- Born: Ware, Hertfordshire
- Occupation: Poet
- Years active: 1578–1590

= William Vallans =

William Vallans (fl. 1578–1590) was an English poet.

==Early life==
Vallans was the son of John Vallans, was born near Ware, Hertfordshire, and afterwards carried on business as a salter. He was a friend of Camden and other antiquaries, and himself took an interest in antiquarian matters.

==Career==
In 1590 Vallans published a poem in unrhymed hexameters entitled A Tale of Two Swannes, printed by Roger Ward for John Sheldrake (London). In the poem he announced his intention of leaving England, and likened his farewell verses to the swan's dying song. The poem is devoted to a description of the situation and antiquities of several towns in Hertfordshire, and mention is made of many seats in the county belonging to the queen and nobility. Vallans probably carried out his intention of leaving England soon after.

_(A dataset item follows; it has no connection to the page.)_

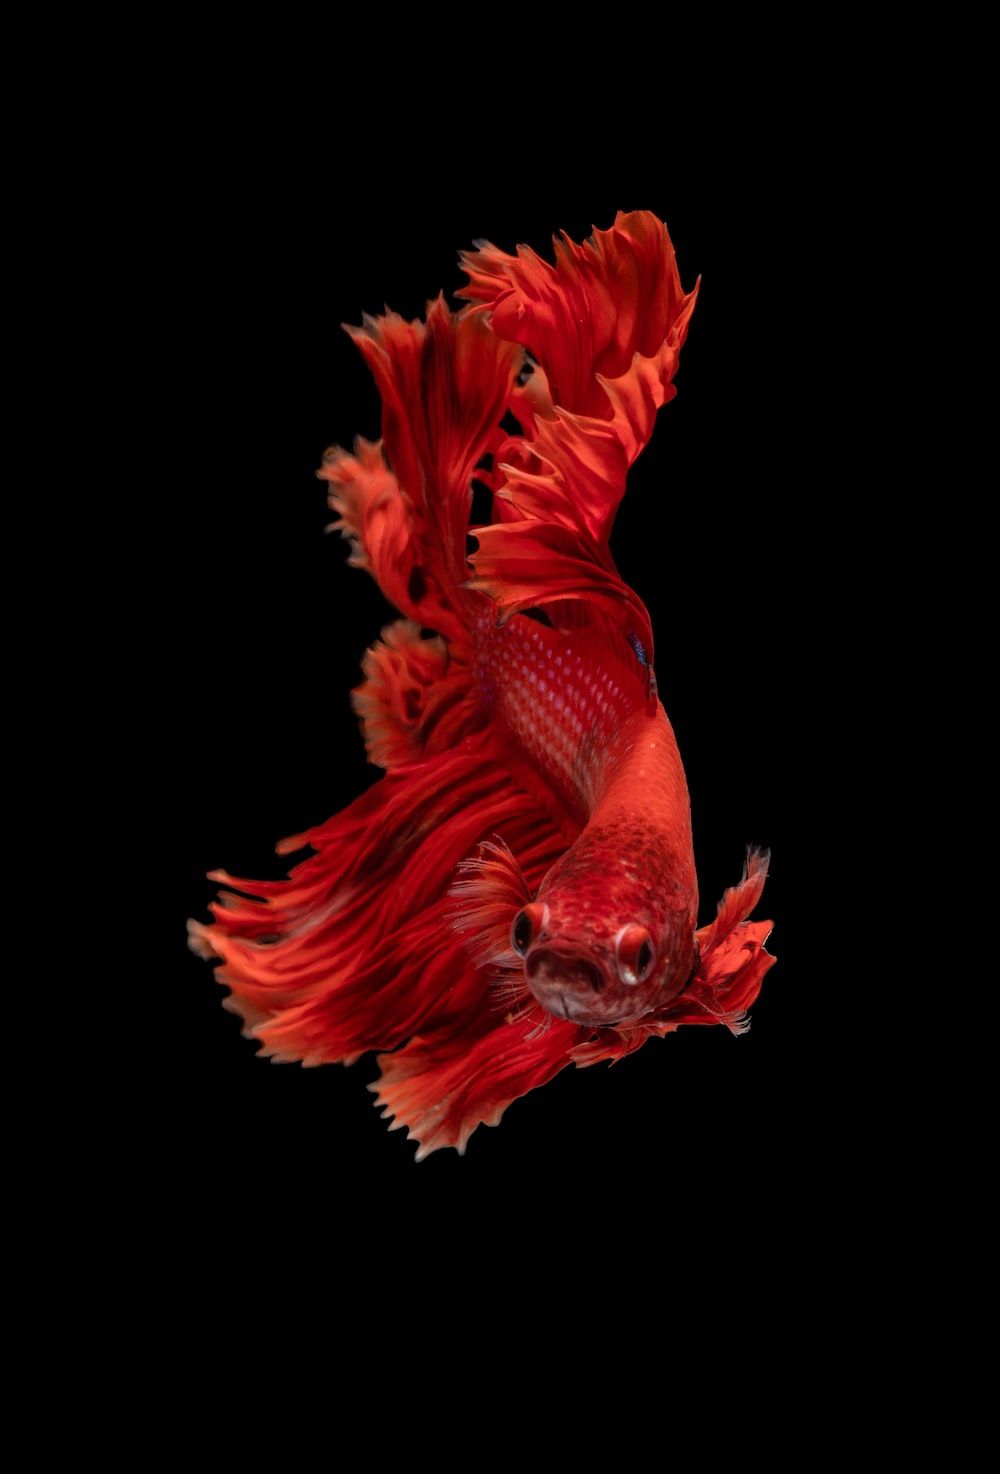  Fisch Hintergrundbild 1000x1474. Fish Wallpaper Picture. Download Free Image
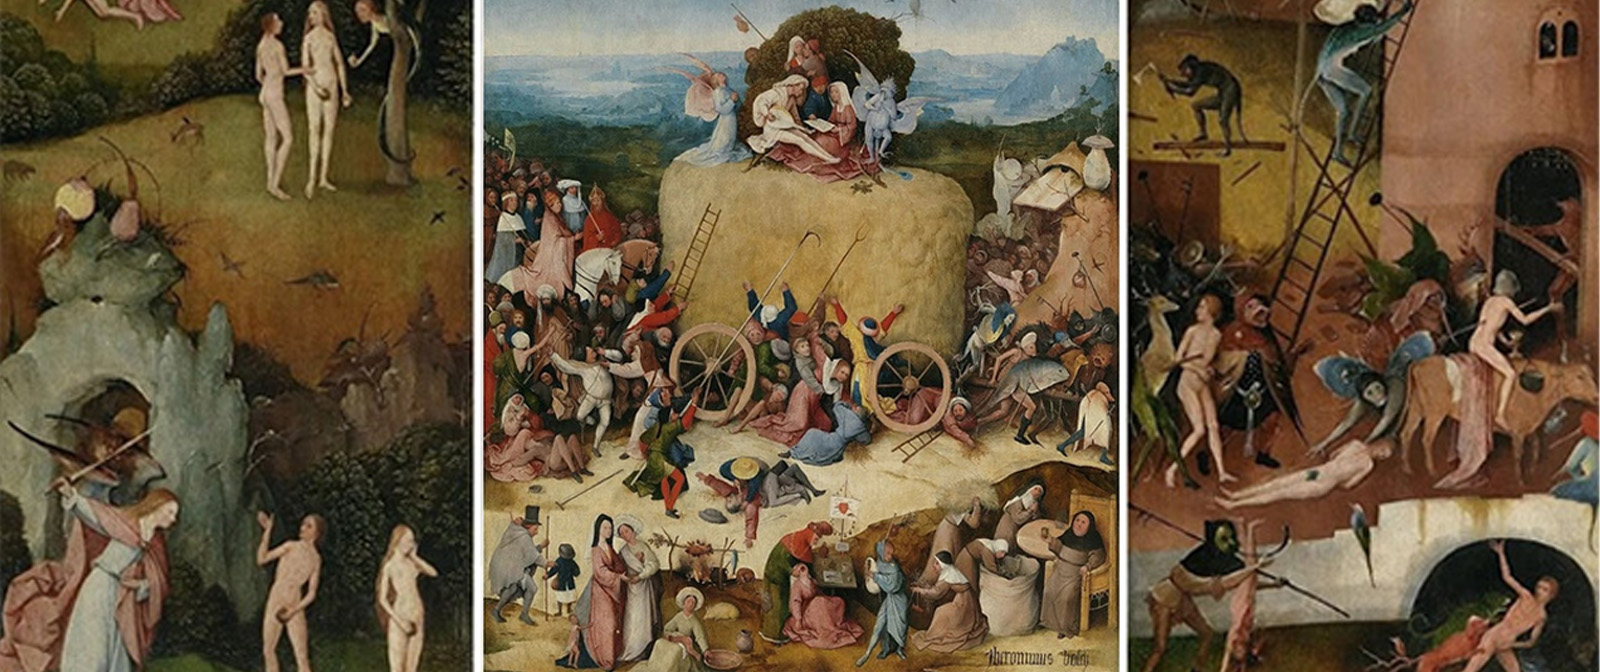 Воз сена» — удивительная картина Иеронима Босха об истинной природе зла.  Какие глубокие смыслы заложил в

His poem is one of the earliest examples of the employment of blank verse in English literature outside drama, and he was perhaps induced to attempt this form of metre by his admiration for Abraham Fraunce, from whose translation of Thomas Watson's Latin Odes he quotes. His book is rare: it was reprinted by Thomas Hearne (1678–1735) in 1711 in the fifth volume of his edition of Leland's Itinerary from a copy in the possession of Thomas Rawlinson (1681–1725) Another poem by "William Vallans, salter", is preserved in the Harleian manuscripts (No. 367, f. 129). It complains of the injustice of suffering John Stowe to go unrewarded after compiling his Survey of London.

Vallans had some commendatory verses prefixed to Whartons Dreame, published in 1578; and Hearne assigned to him the authorship of The Honourable Prentice; or thys Tayler is a Man; shewed in the Life and Death of Sir John Hawkewood, by W. V., London, 1615 and 1616.